__WHAT THIS TASK INVOLVES__:
Print out the data precisely as it appears here, with no pictures.

__INFORMATION SHOWN__:
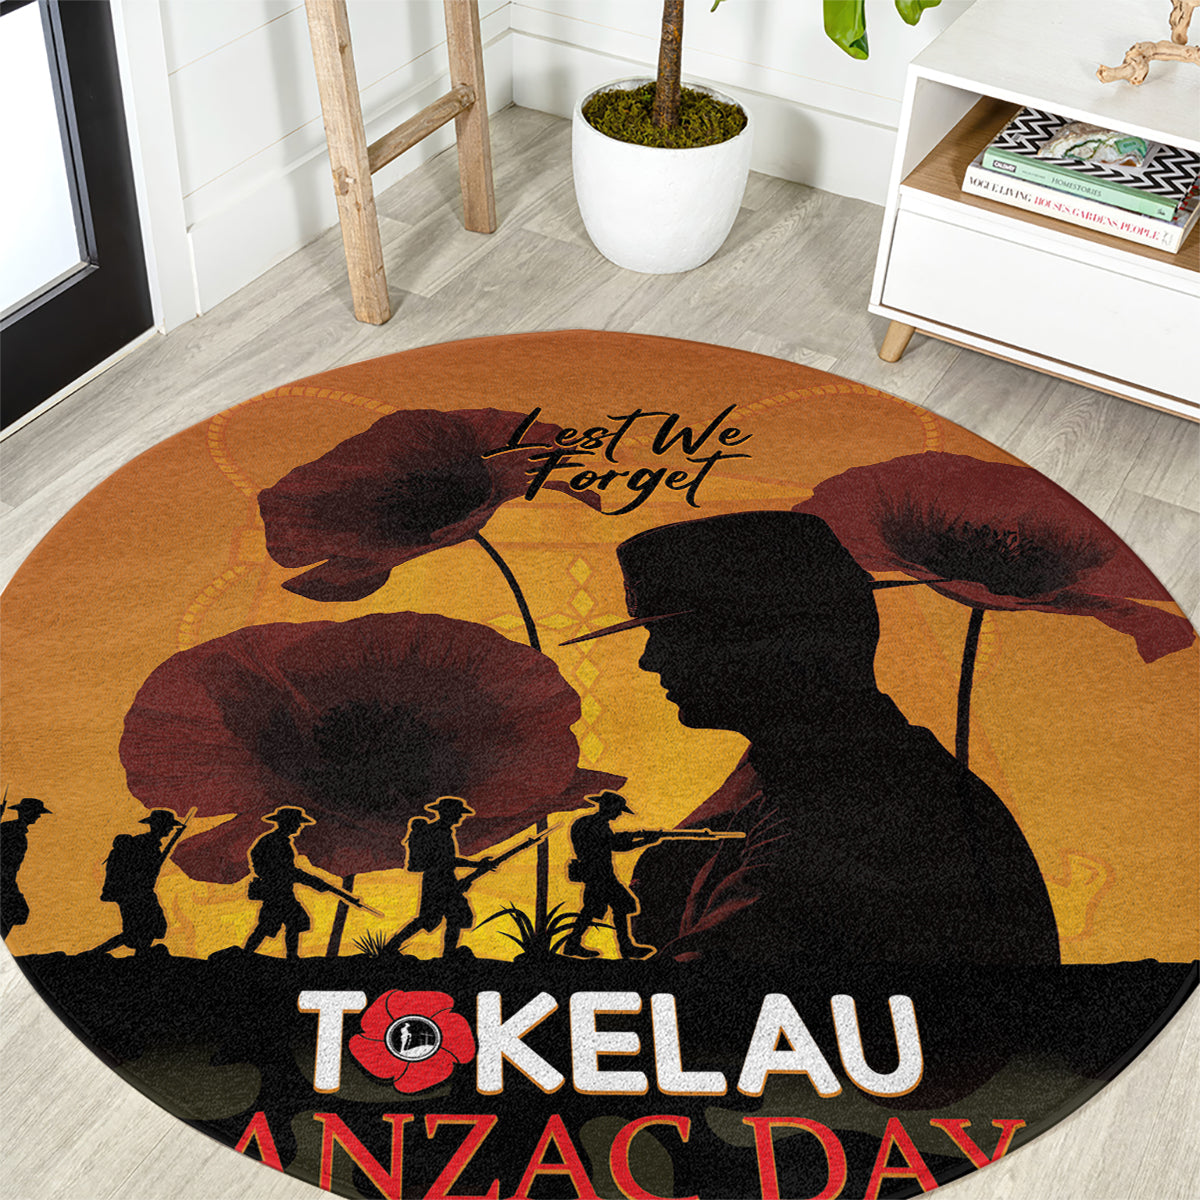 Tokelau ANZAC Day Round Carpet Camouflage With Poppies Lest We Forget LT14 Yellow - Polynesian Pride
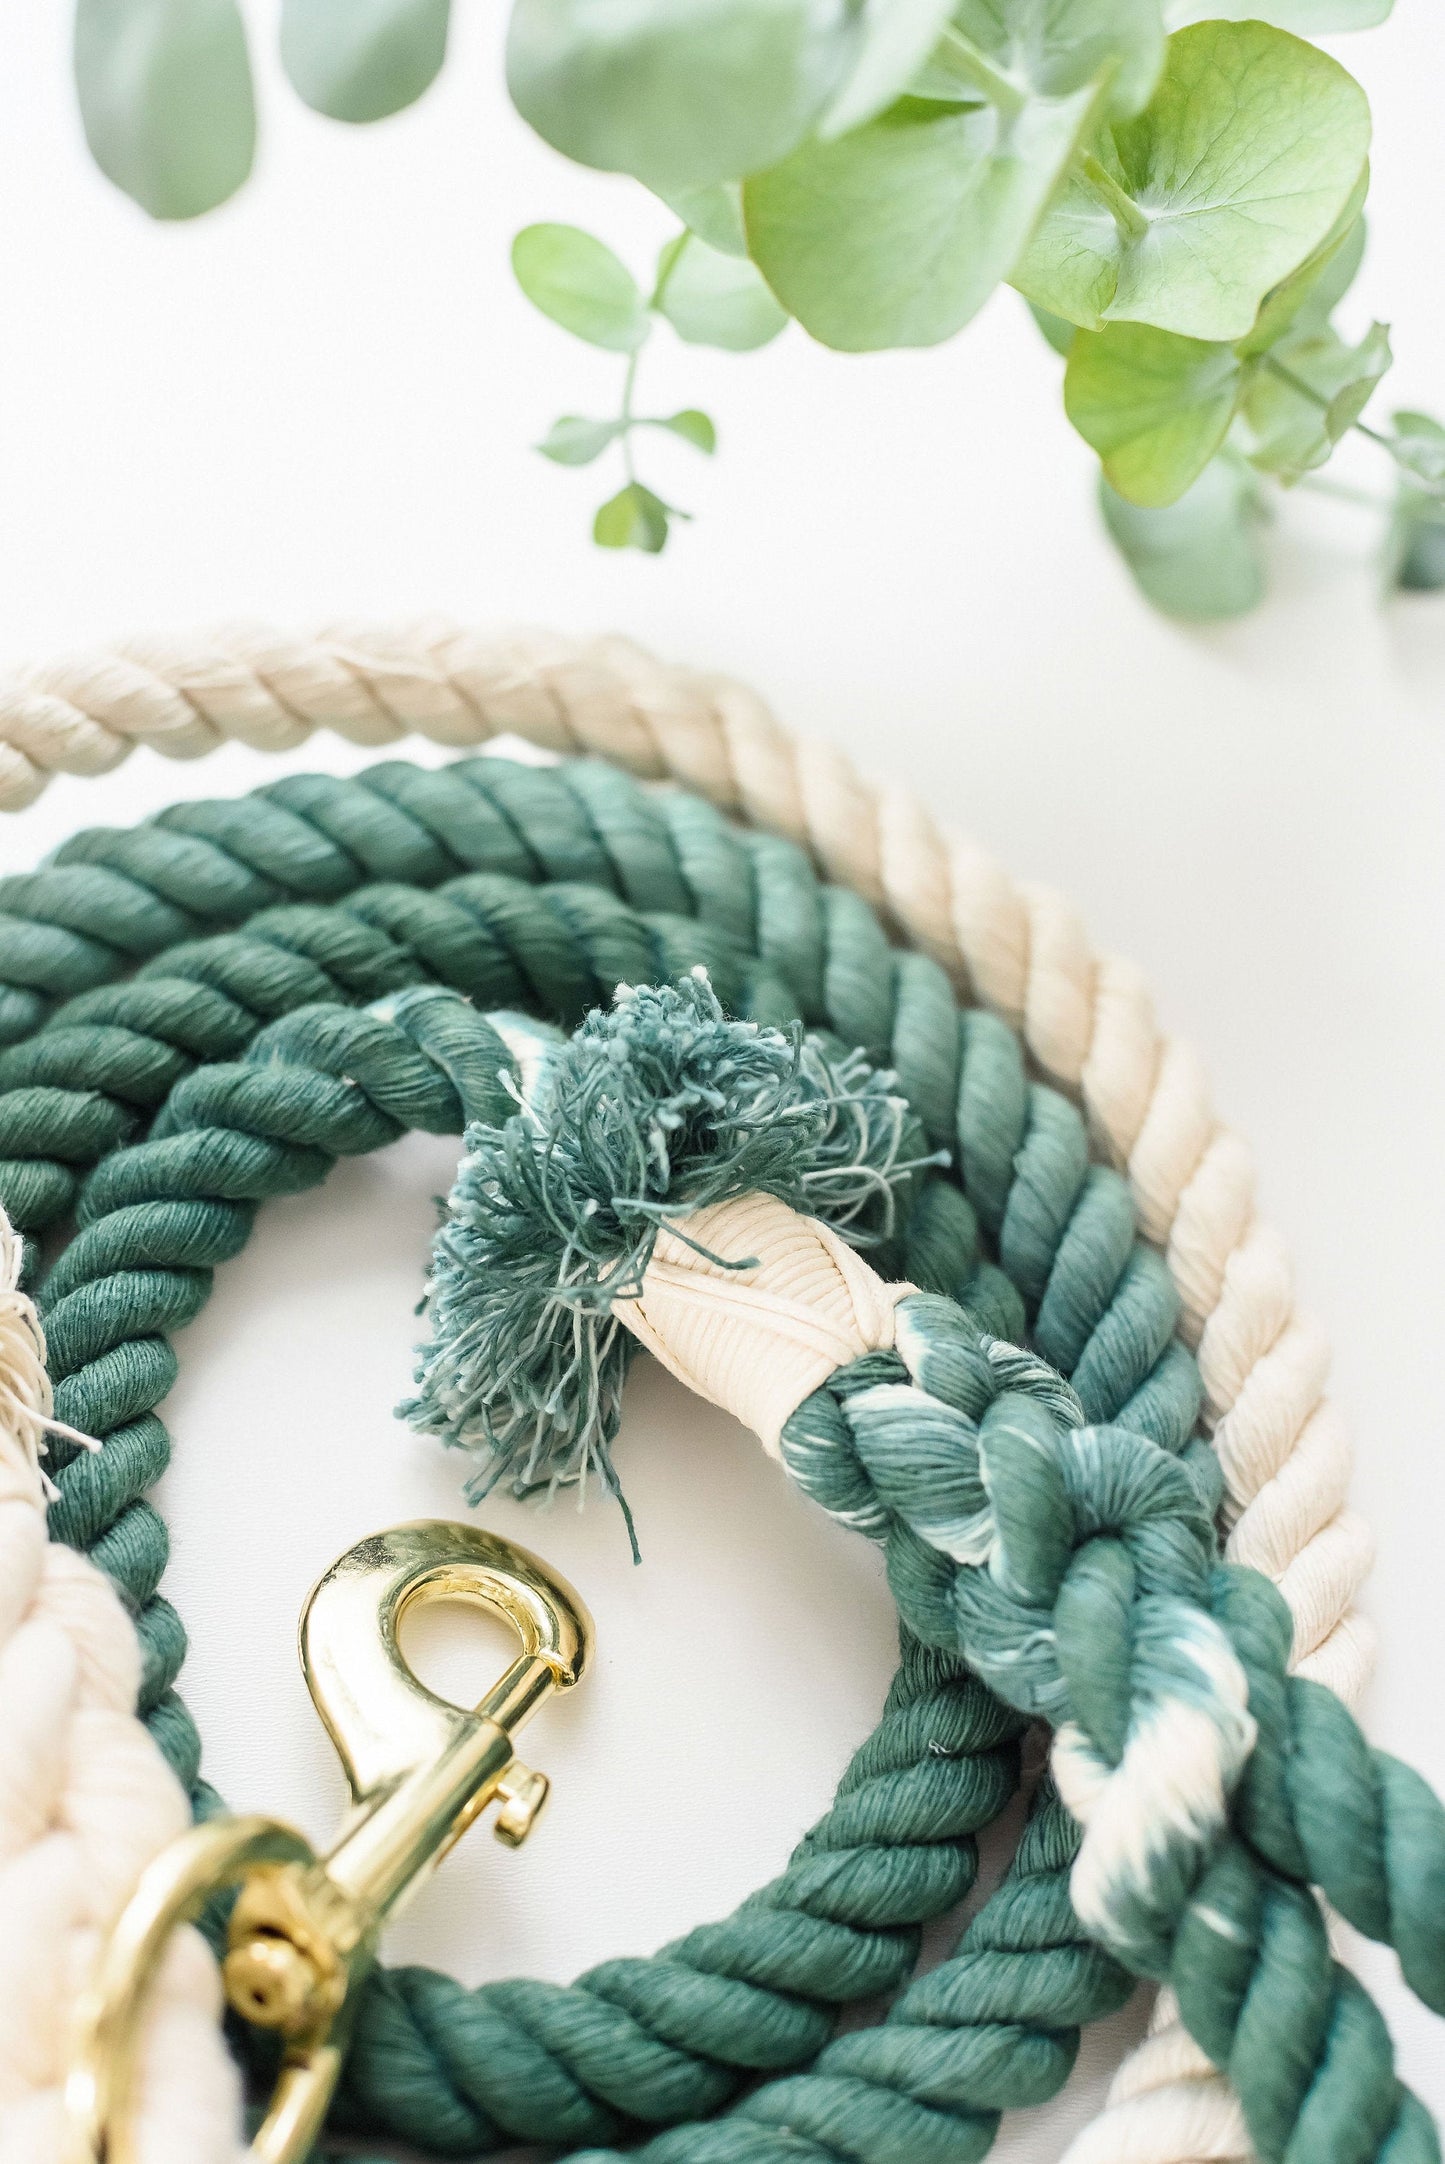 Ombré Green Cotton Rope Leash - Cute Leash - Dog Gift - Gift for Her - Pet Birthday Gift - Dog Accessory - Dog Lover Gift - Wedding Leash
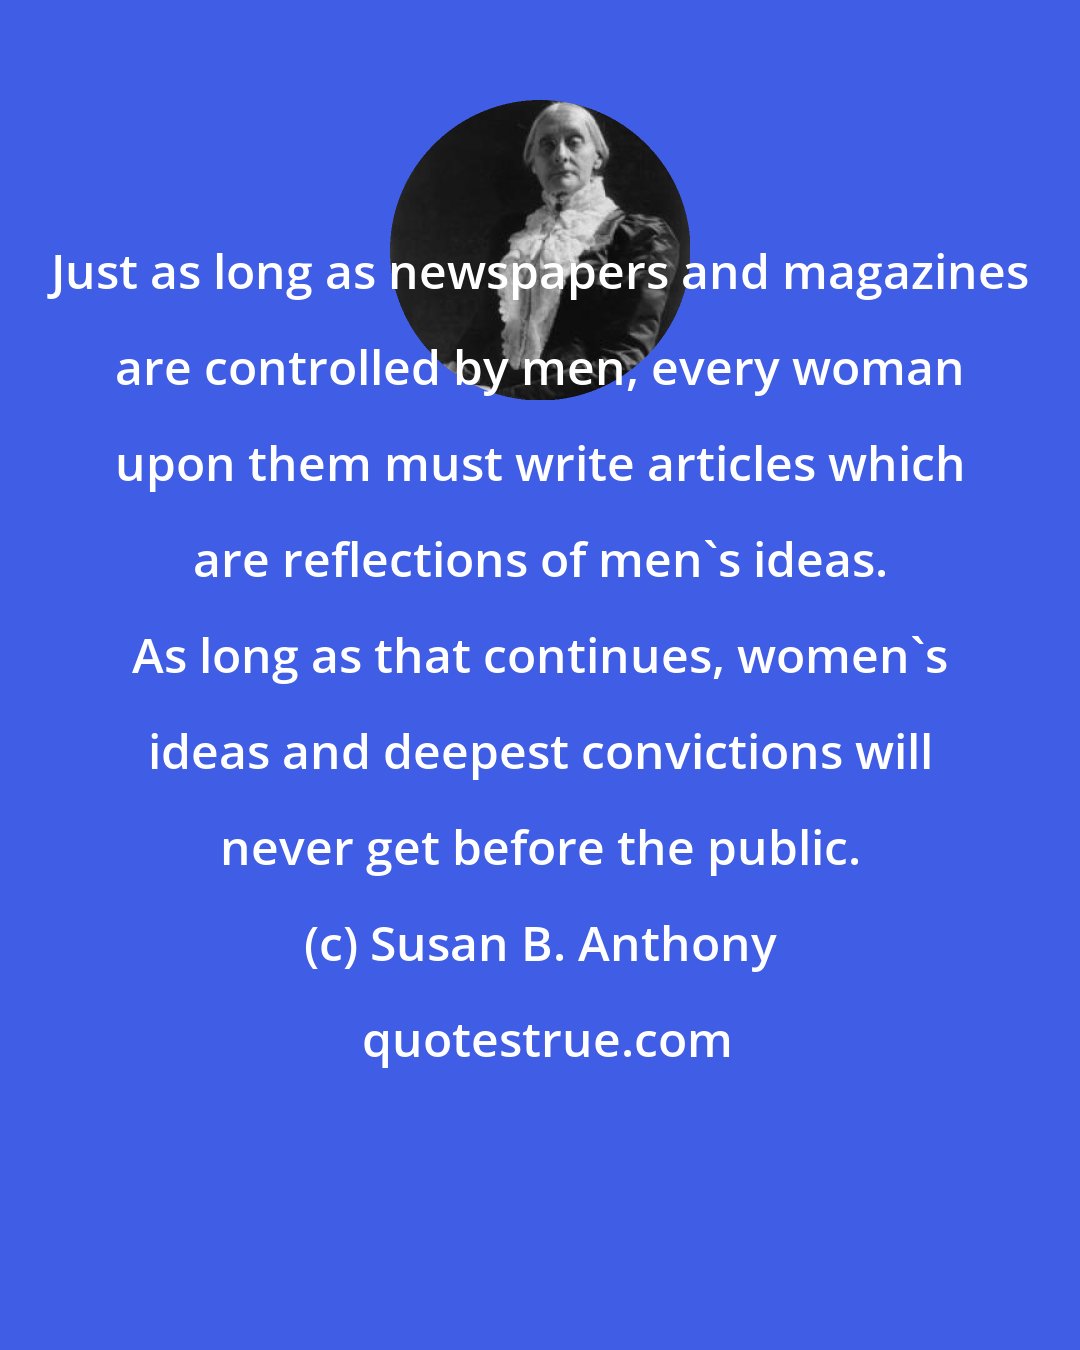 Susan B. Anthony: Just as long as newspapers and magazines are controlled by men, every woman upon them must write articles which are reflections of men's ideas. As long as that continues, women's ideas and deepest convictions will never get before the public.

__RESPONSE__:
 Tokelau ANZAC Day Round Carpet Camouflage With Poppies Lest We Forget LT14 Yellow - Polynesian Pride
 Ombré Green Cotton Rope Leash - Cute Leash - Dog Gift - Gift for Her - Pet Birthday Gift - Dog Accessory - Dog Lover Gift - Wedding Leash
 Susan B. Anthony: Just as long as newspapers and magazines are controlled by men, every woman upon them must write articles which are reflections of men's ideas. As long as that continues, women's ideas and deepest convictions will never get before the public.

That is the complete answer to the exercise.